That's the best compliment you can get on stitching! Thanks a lot. My stitching was really transformed when a company from South Korea started making these new stitching irons that work extremely well


----------



## NeilYeag (Jul 21, 2017)

cabomhn said:


> That's the best compliment you can get on stitching! Thanks a lot. My stitching was really transformed when a company from South Korea started making these new stitching irons that work extremely well



Can you give me the details on the stitching irons I would like to check them out. The ones I have are not so great.

Thanks,

Neil


----------



## cabomhn (Jul 21, 2017)

NeilYeag said:


> Can you give me the details on the stitching irons I would like to check them out. The ones I have are not so great.
> 
> Thanks,
> 
> Neil



Absolutely. Mind you, they are expensive, but, that being said I treated these as an investment into my product quality and small "business". What type do you currently have? 

The KS blade punch are considered "combination irons", meaning that they leave a hole similar to if you were piercing with an awl but are actually meant to be driven all the way through the leather. They don't have a big taper so your top hole isn't much larger than your bottom hole where you've punched through. I've been able to punch through as much as 16oz of leather using these. One way these have really benefited me is my backside stitching, where my old cheapo chisels would produce inconsistent holes on the backside making it hard for me to get consistent angled stitching. For reference on the KS blade size, my irons are their 3.0mm spacing, which equates to approximately 9 spi or so. As far as teeth combination, a 2 tooth + 10 teeth set lets you be ready for pretty much all stitching combinations. I was hesitant about the 10 tooth when I bought it and it being hard to pull out of the leather, but these teeth come so well polished the thing just glides out without a lot of trouble. For comparison, in my cheapo old irons, I would be lucky if I ever even got to use my 6 tooth because it was too hard to pull out of the leather.

I'm not sure if you are familiar with Vergez Blanchard, Amy Roke, etc, but these irons are meant to "prick" the hole but the hole is meant to be finished by an awl. I apologize if you know all this already just trying to put down some info. One nice benefit of the KS iron is that if you really screw up and drive your KS blade irons into something hard (like a granite block etc) and screw up one of the teeth, they can be replaced individually and don't require you to buy a whole new tool. Some people don't like their modular construction because they aren't as "pretty" as the Blanchard irons, but to me, I care about how well they function and these things work great. They have a low center of gravity which makes them not prone to tilting on you when driving them with a maul. 

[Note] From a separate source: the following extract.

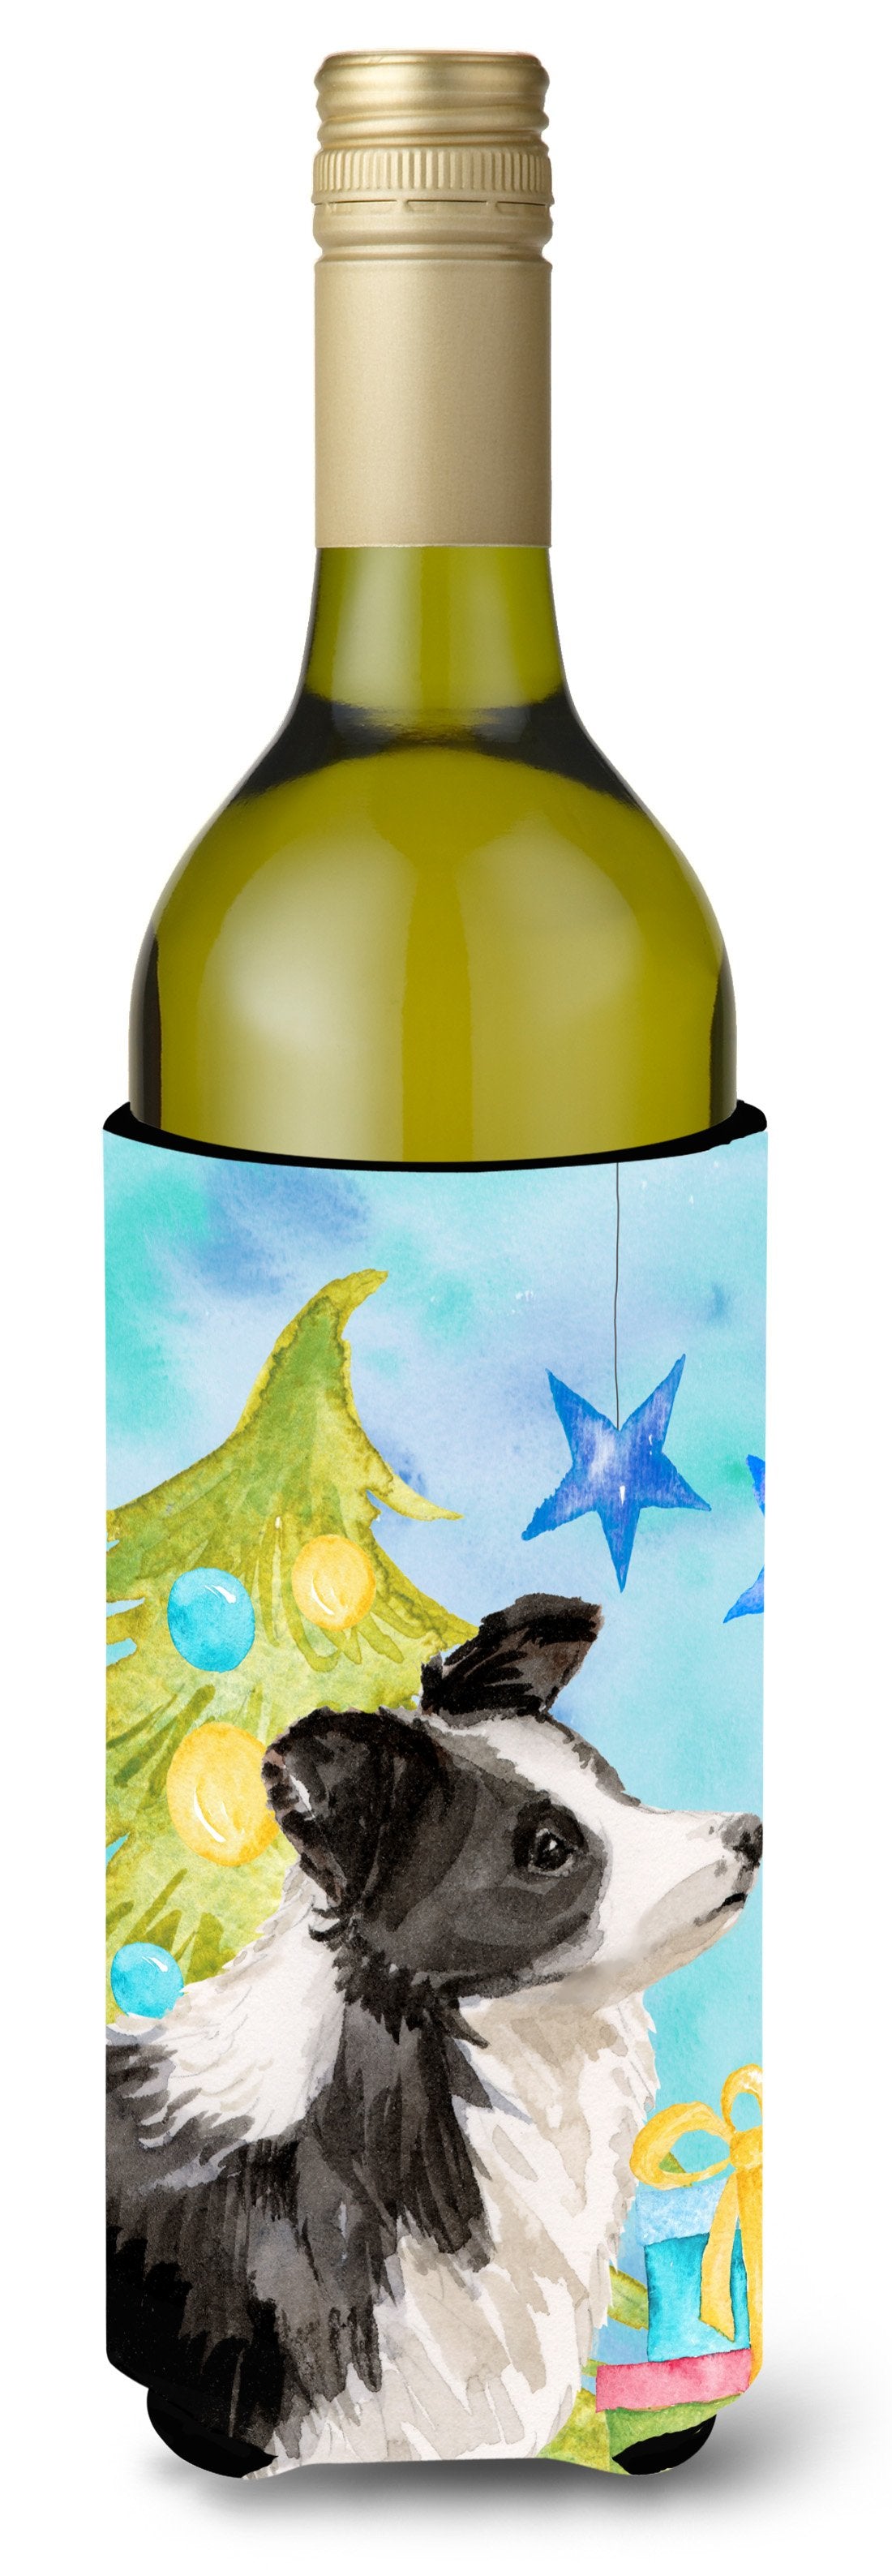 Border Collie Christmas Wine Bottle Beverge Insulator Hugger BB9408LITERK by Caroline's Treasures
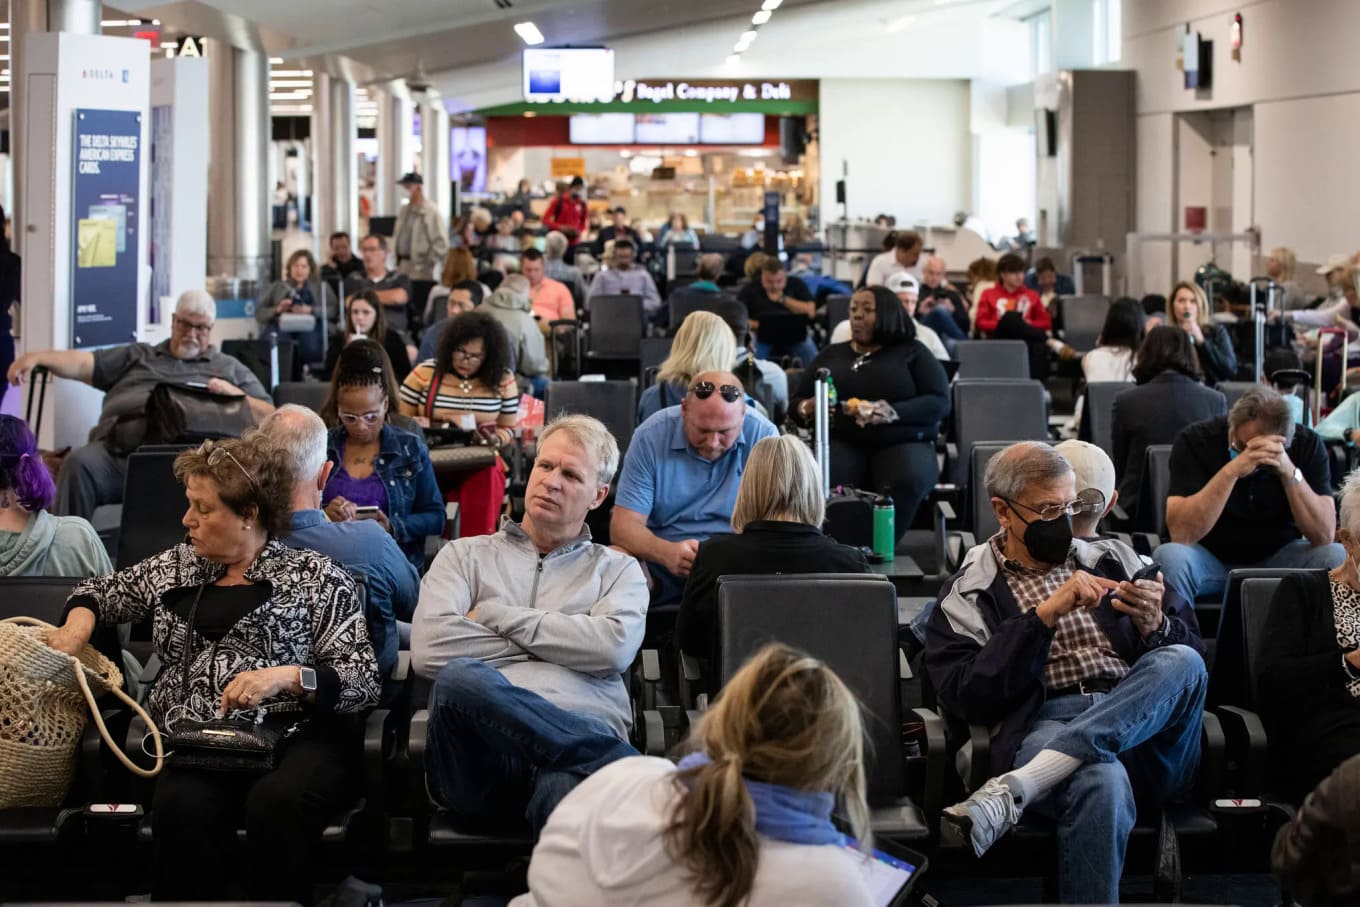 Sân bay Quốc tế Hartsfield-Jackson Atlanta hôm 19/4, một ngày sau khi tòa án liên bang tại Florida bãi bỏ yêu cầu đeo khẩu trang với việc đi lại bằng đường hàng không. Ảnh: Dustin Chambers/NY Times

All around, expensive tool, but you get what you pay for. The owner Jin is a great guy and extremely friendly to your questions. A lot of people reach out to him on Instagram and get to know him a bit and he hands out 15% off coupons a decent amount to people, which is a pretty significant savings. 

http://ksbladepunch.com/

Reactions: Thank You! 1


----------



## Wildthings (Jul 21, 2017)

cabomhn said:


> That's the best compliment you can get on stitching! Thanks a lot. My stitching was really transformed when a company from South Korea started making these new stitching irons that work extremely well


Link?


----------



## cabomhn (Jul 21, 2017)

Wildthings said:


> Link?



Check out my previous post I added a link at the bottom

Reactions: Like 1


----------



## RogerC (Jul 23, 2017)

Awesome job looks great.

Reactions: Thank You! 1


----------



## NeilYeag (Jul 23, 2017)

Great info. The ones I have are just basic ones from Tandy, OK going through thin stuff, but anything thick enough for knife sheaths forget about it. And for sure the 5 prong one if you pounded it through anything thick it is almost impossible to pull out. I finally just used them to mark the spacing and then drilled the holes out. Works OK, but the stitching effect is certainly different. I looked at the ones that you reference. the prices seem reasonable for what they are. I am a little confused about the spacing options. What do you think is right for sheaths?


----------



## cabomhn (Jul 24, 2017)

NeilYeag said:


> Great info. The ones I have are just basic ones from Tandy, OK going through thin stuff, but anything thick enough for knife sheaths forget about it. And for sure the 5 prong one if you pounded it through anything thick it is almost impossible to pull out. I finally just used them to mark the spacing and then drilled the holes out. Works OK, but the stitching effect is certainly different. I looked at the ones that you reference. the prices seem reasonable for what they are. I am a little confused about the spacing options. What do you think is right for sheaths?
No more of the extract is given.